AMD puts it in writing: ship dates for new Ryzen processors. (Source: AMD)

AMD has hit its stride with 7 nm. Thanks to TSMC’s ability to deliver 7 nm, AMD has been able to leapfrog Intel’s 14-nm process. The Rome processor, announced by AMD last year at a triumphant New Horizon event, has become real at Computex. AMD senior vice president and general manager, Forrest Norrod promised that Rome would arrive in the third quarter of 2019. AMD has followed up with a list of new processors, specs, and prices.

At Computex, Lisa Su said that developing for the data center enables AMD to help solve the world’s challenges. She said that the Epyc processor family, introduced two years ago, was meant to bring in a new era in the data center. She said, there are now 60 AMD Epyc platforms in production and the company has cloud wins with Azure, Amazon, Baidu, Tencent.
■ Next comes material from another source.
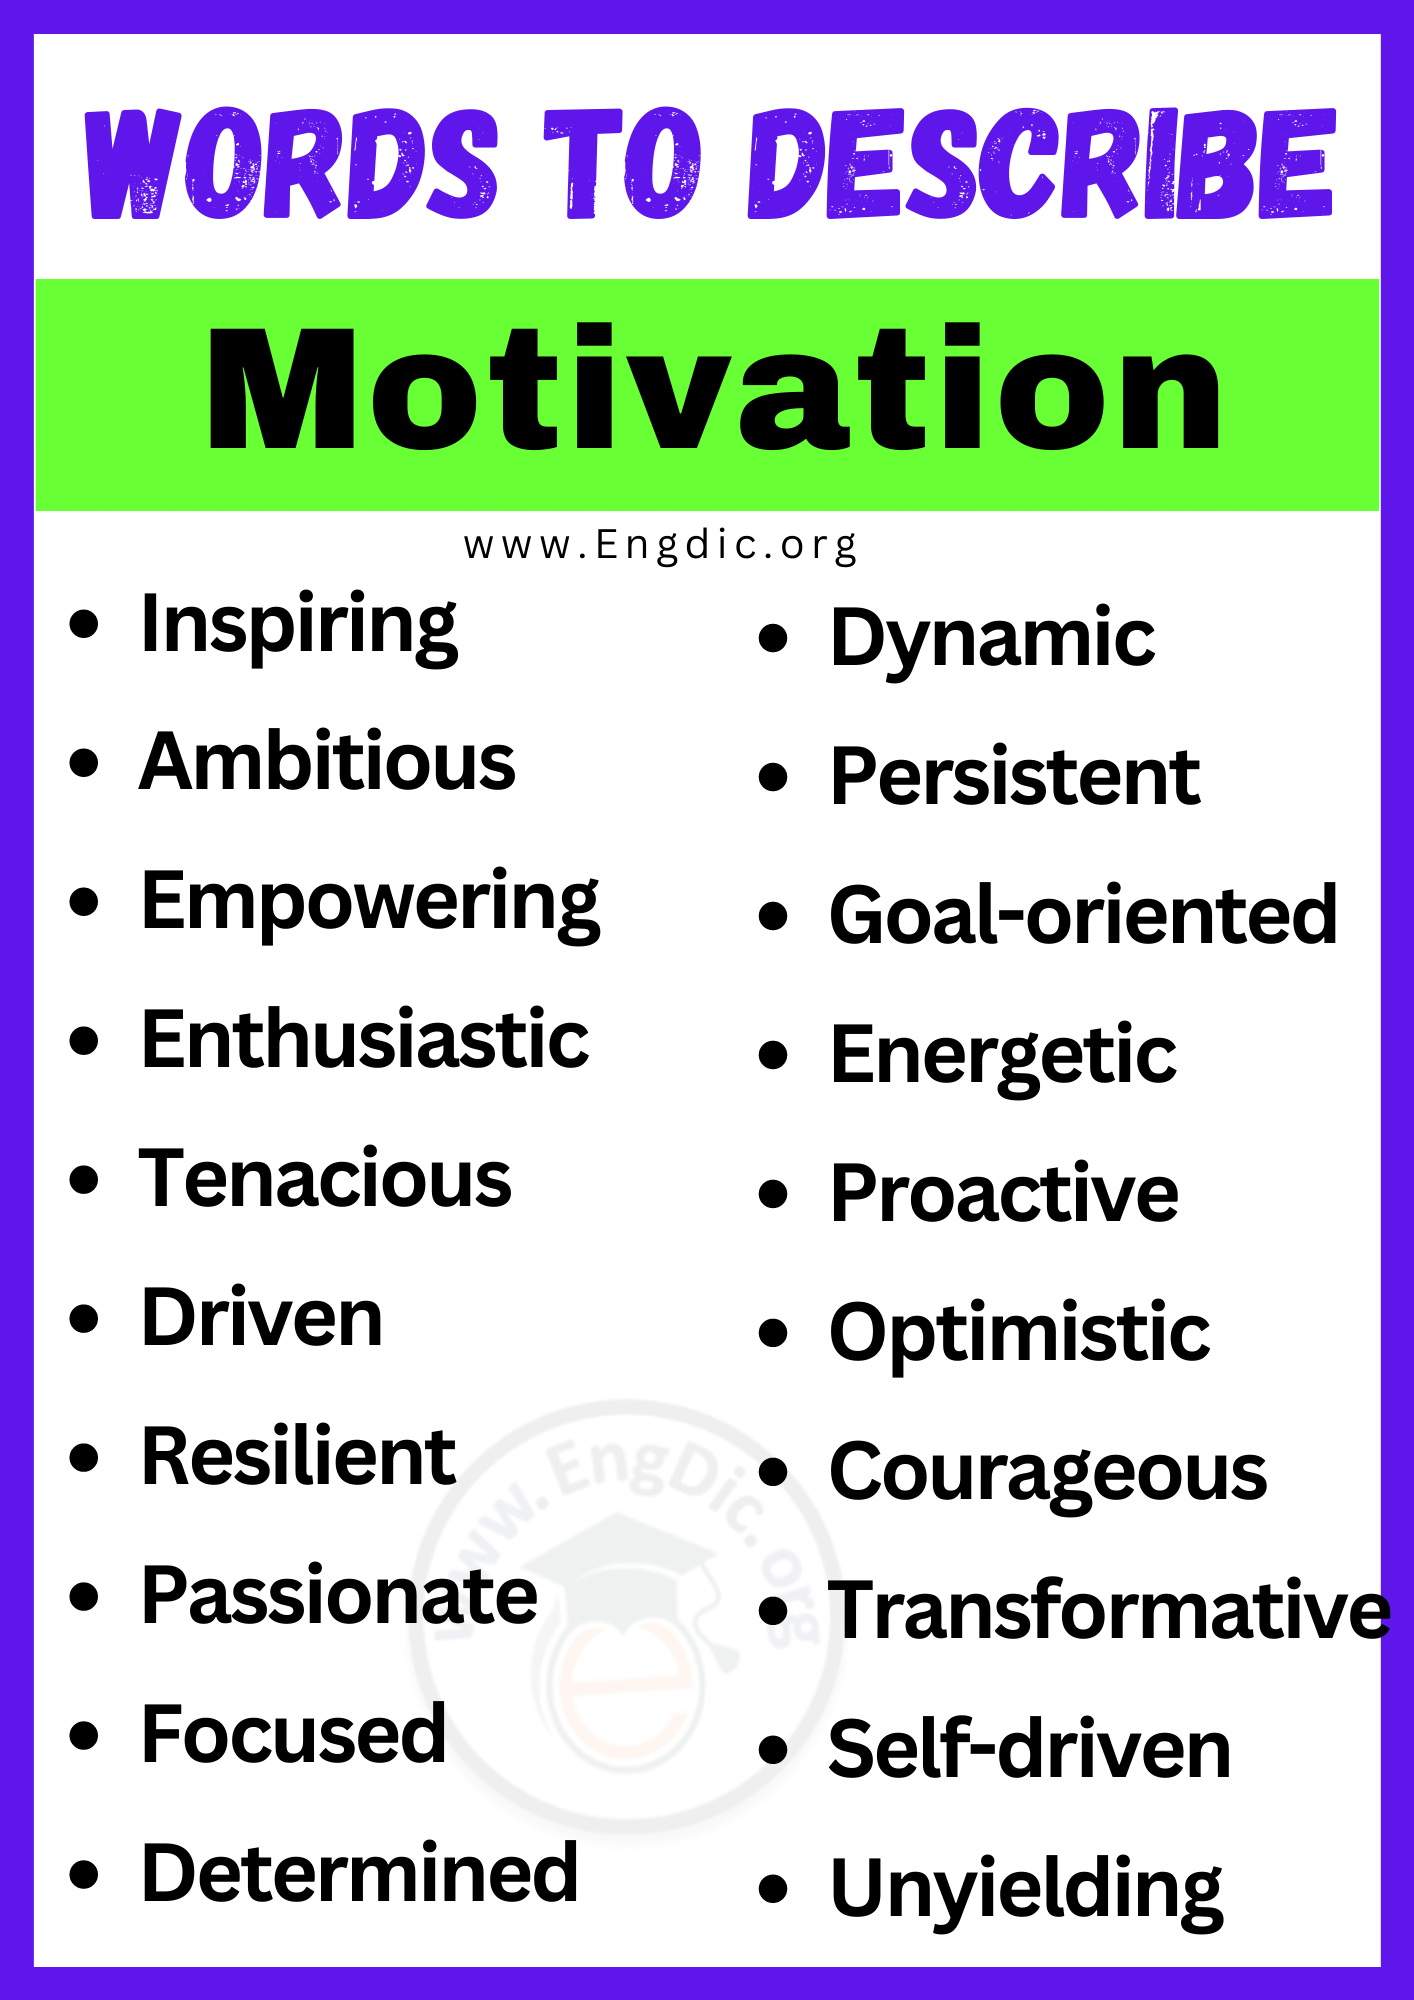 Words to Describe a Motivation

The Rome generation of Epyc processors will have up to 64 cores, with 4× the raw floating point performance as a result of AMD’s improved floating point engine developed for the Rome generation. AMD’s calling card for its HPC processors has been its high memory bandwidth that, coupled with improved floating point performance, is giving AMD a good story to tell prospective customers. At Computex, Norrod pitted Rome processors in a dual-socket server against a dual-socket server with Intel’s latest Cascade Lake Xeon 8280 processors. The two servers ran NAMD, parallel molecular dynamics code for high-performance simulation of large biomolecular systems.

Moving to desktop products, Su asked: is AMD going to do more than 8 cores? Absolutely yes, she said. The company said they found room for more cores to go along with the increased caches in the Rome chips.

At Computex, AMD and its partners talked about new desktop products on the way including the 12 core/24 thread Ryzen 9 3900X. The company also showcased 8 core Ryzen 7 models and 6 core Ryzen 5 processors. AMD’s edge is in multi-threaded performance. This year, AMD showed off a Ryzen 7 3700X versus the Intel i7-7900K using Cinebench to measure realtime rendering. The Ryzen demonstrated 1% more single-threaded performance (or about equal, said Su), and 30% more multi-threaded performance. In gaming, AMD put the Ryzen 7 3800X against Intel’s i9-9900K using PlayerUnknown’s Battlegrounds and the Ryzen 7 held its own. Going slightly more head to head, the Ryzen 9 3900X beat the i9-9920X by 16% running Blender Render.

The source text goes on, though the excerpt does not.